Technical Abstract: We documented patterns of seasonal abundance and rates of parasitism in introduced populations of Pseudacteon tricuspis Borgmeier, a phorid parasitoid of the red imported fire ant, Solenopsis invicta Buren. Adult P. tricuspis populations were censused at monthly intervals for one year at three sites in northern Florida. Censuses were conducted by aspirating phorids attracted to disturbed S. invicta mounds. Pseudacteon tricuspis adults were present in every month at all sites, although abundances varied greatly among sites and over time.

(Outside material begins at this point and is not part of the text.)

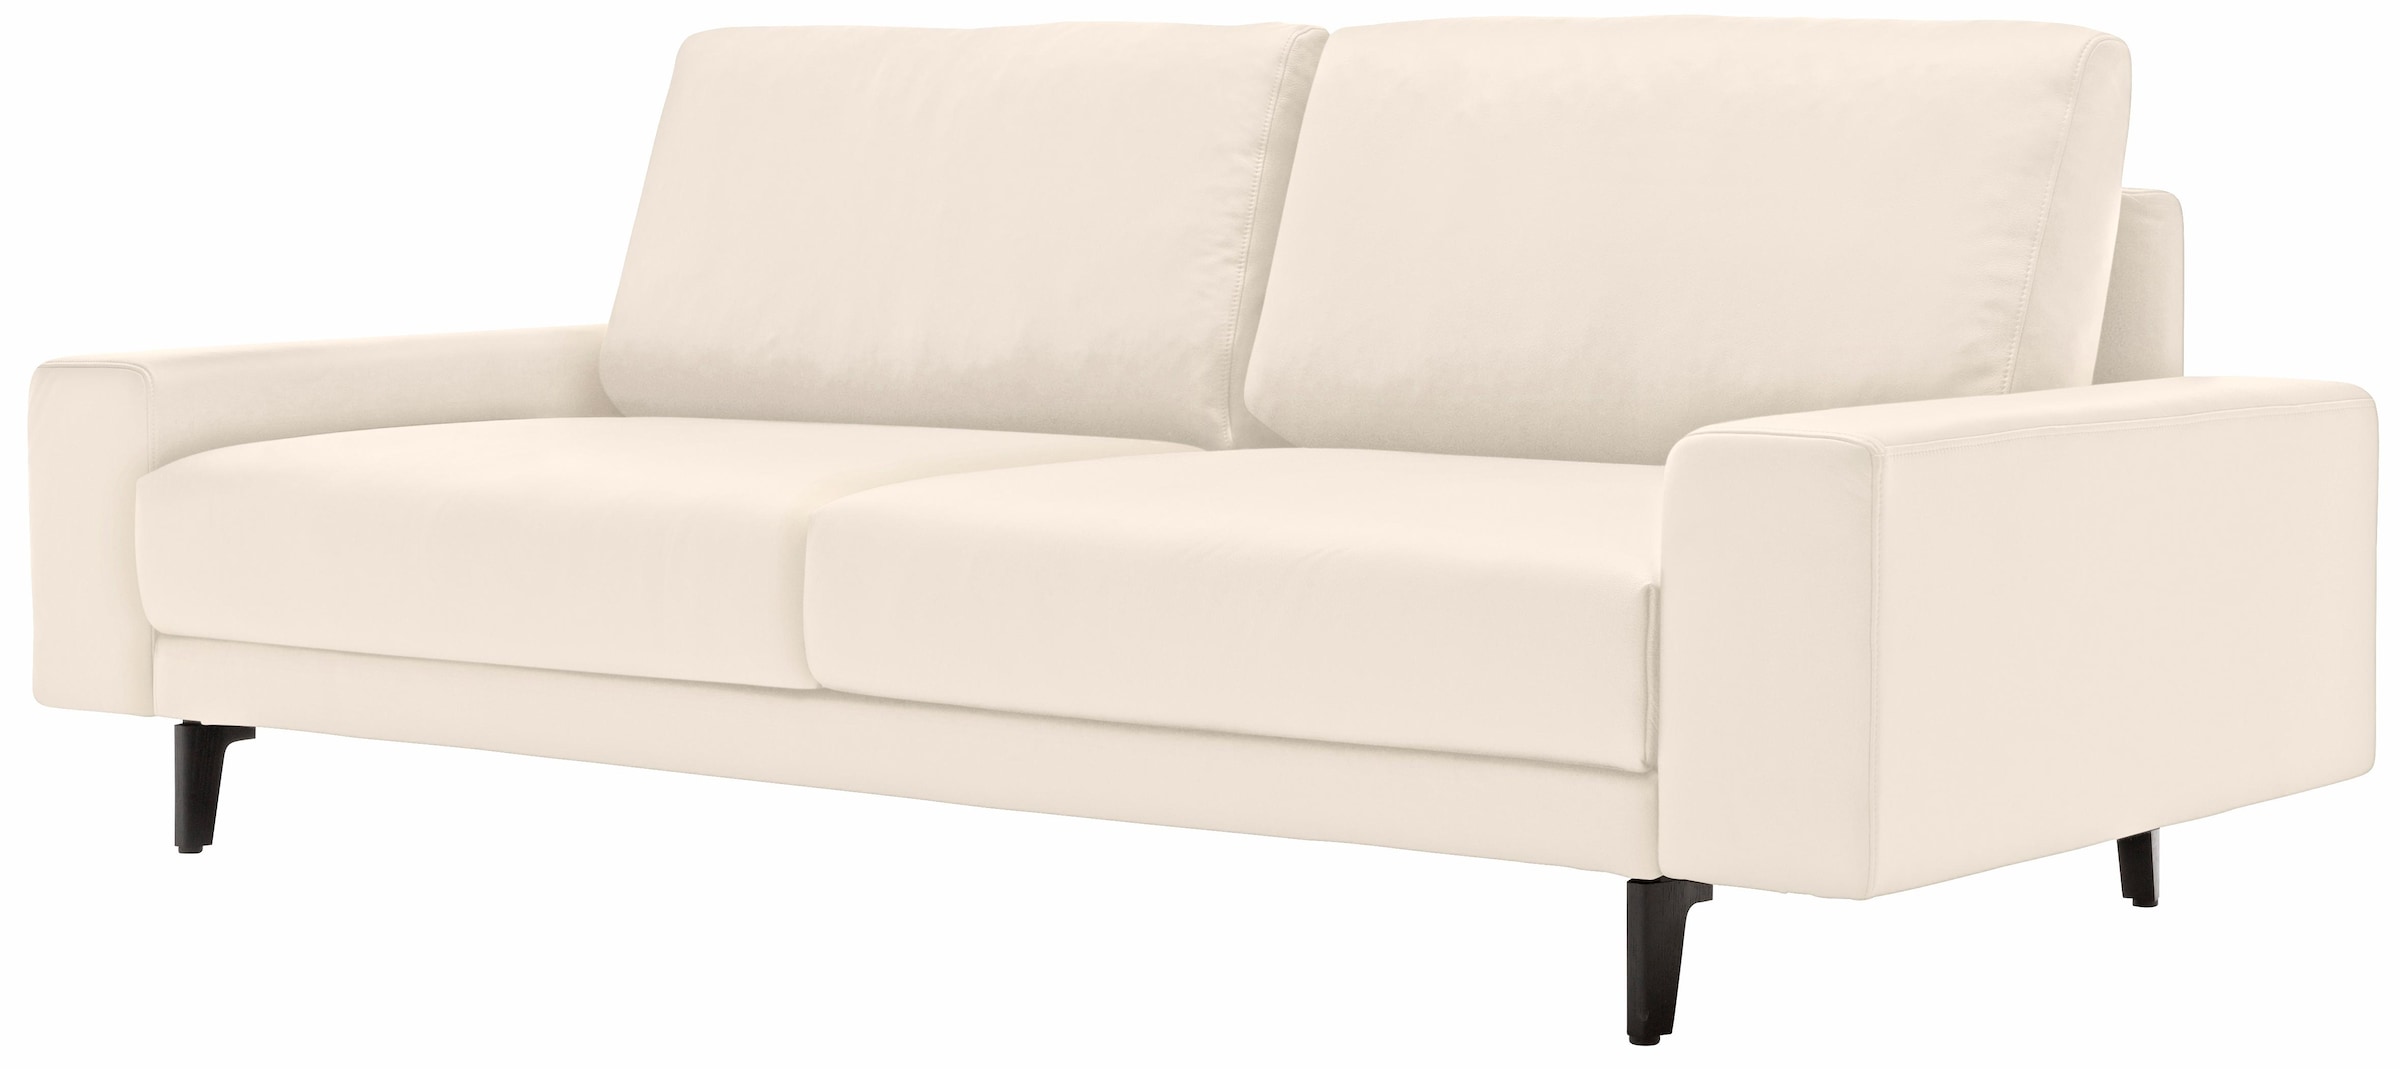 sofa cm bestellen hülsta Alugussfüße Armlehne 2-Sitzer 180 in bequem niedrig, breit umbragrau, »hs.450«, Breite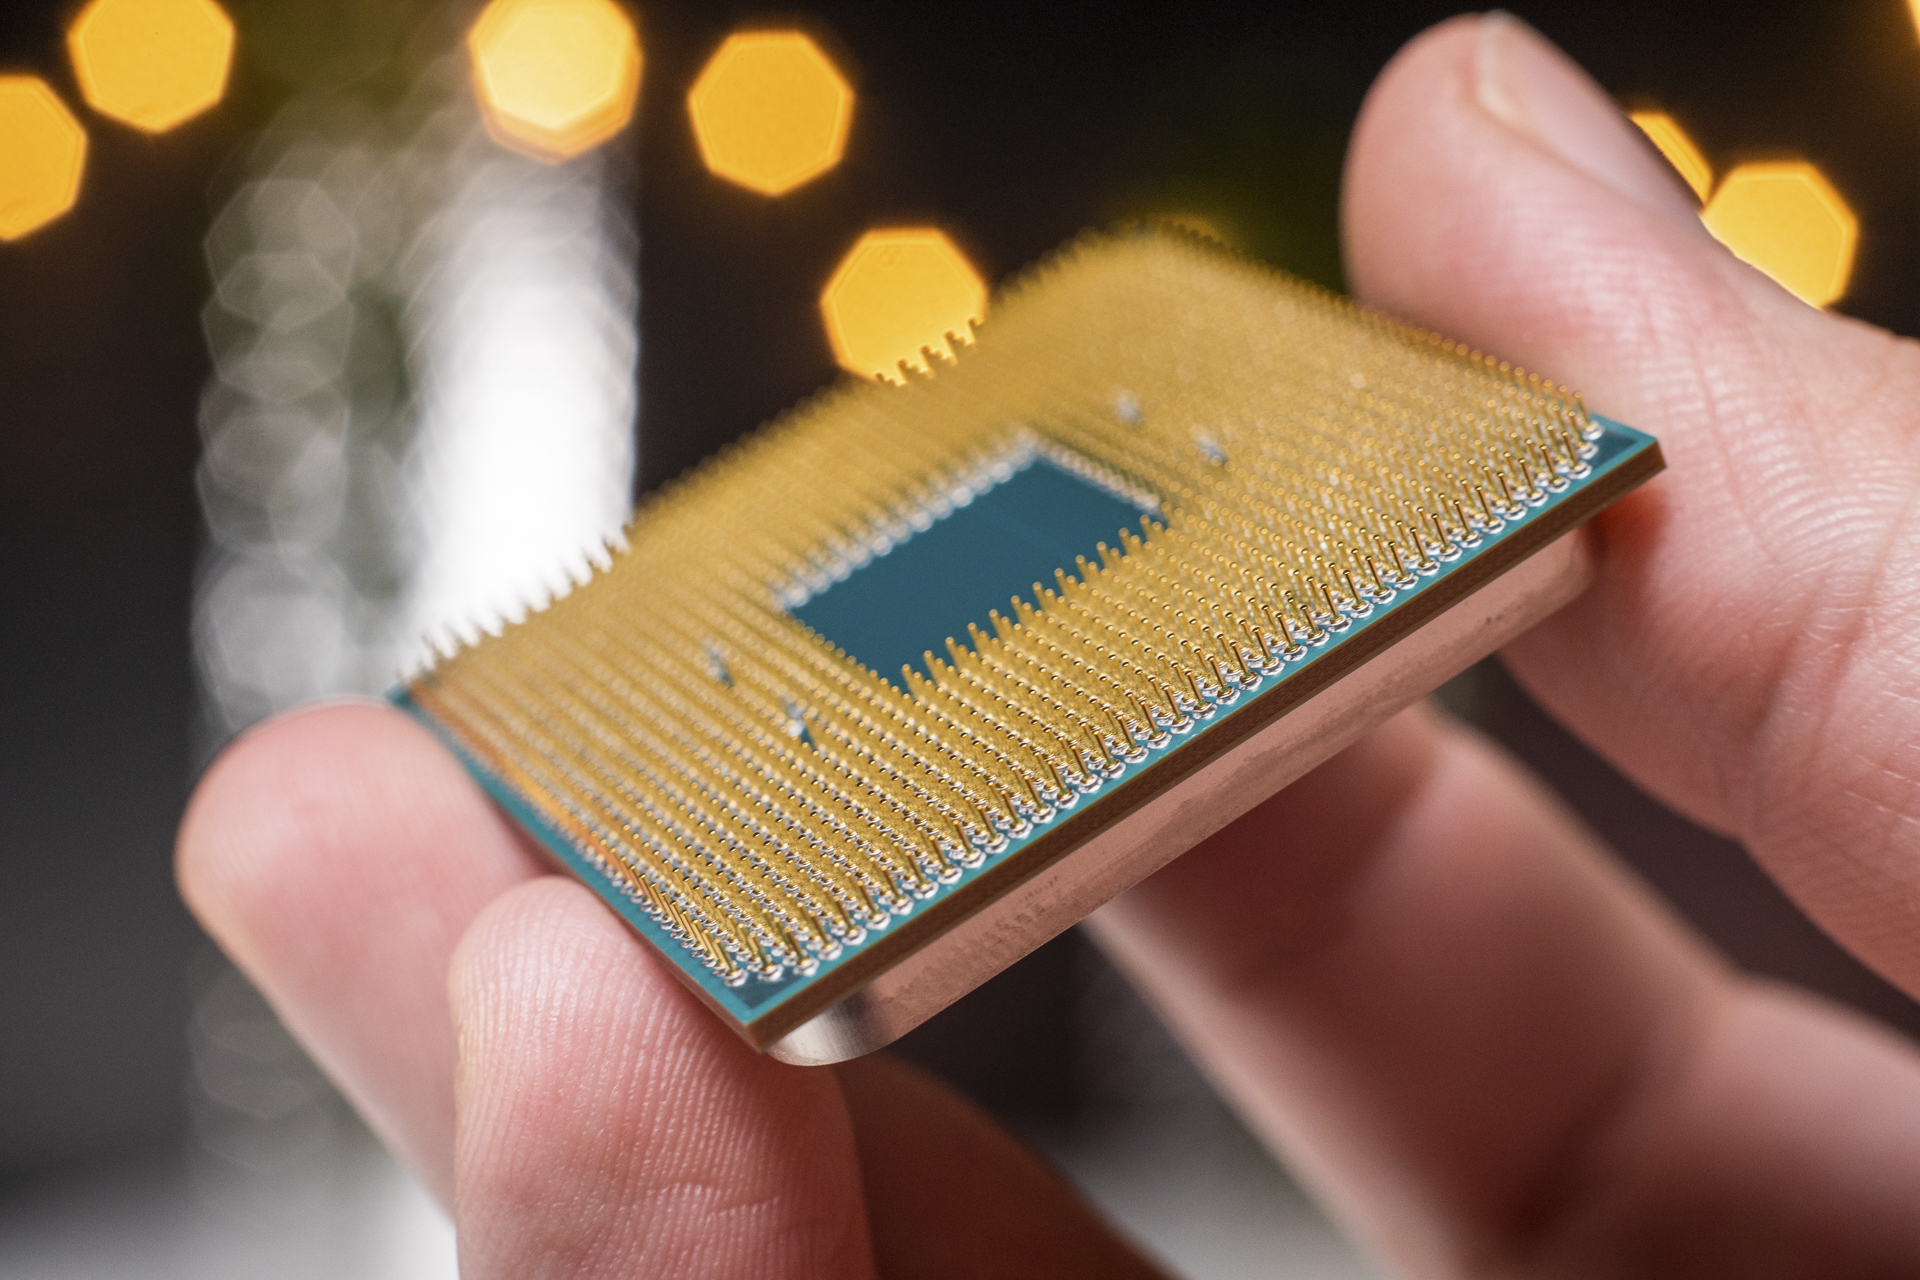 AMD Ryzen 9 3900x pins

The highest densities of flies (up to 453 censused at 10 disturbed S. invicta mounds in 30 min) were observed in November, and changes in abundance over time were positively correlated among sites. Sex ratios were usually male biased. Parasitism rates were evaluated by collecting workers from field colonies and monitoring them in the laboratory for evidence of parasitism. Parasitism rates were very low-always less than 1%. The average parasitism rate per colony over 16 colonies and 2 years was 0.058%. No pupariation occurred within the first 8 days of collection, suggesting parasitism by P. tricuspis induced behavioral changes in parasitized workers that precluded such workers from our collections. If so, true field parasitism rates may be several times higher than measured here, yet still low in an absolute sense. These low parasitism rates can be reconciled with observed adult phorid densities by considering the large number of host ants present at the study sites.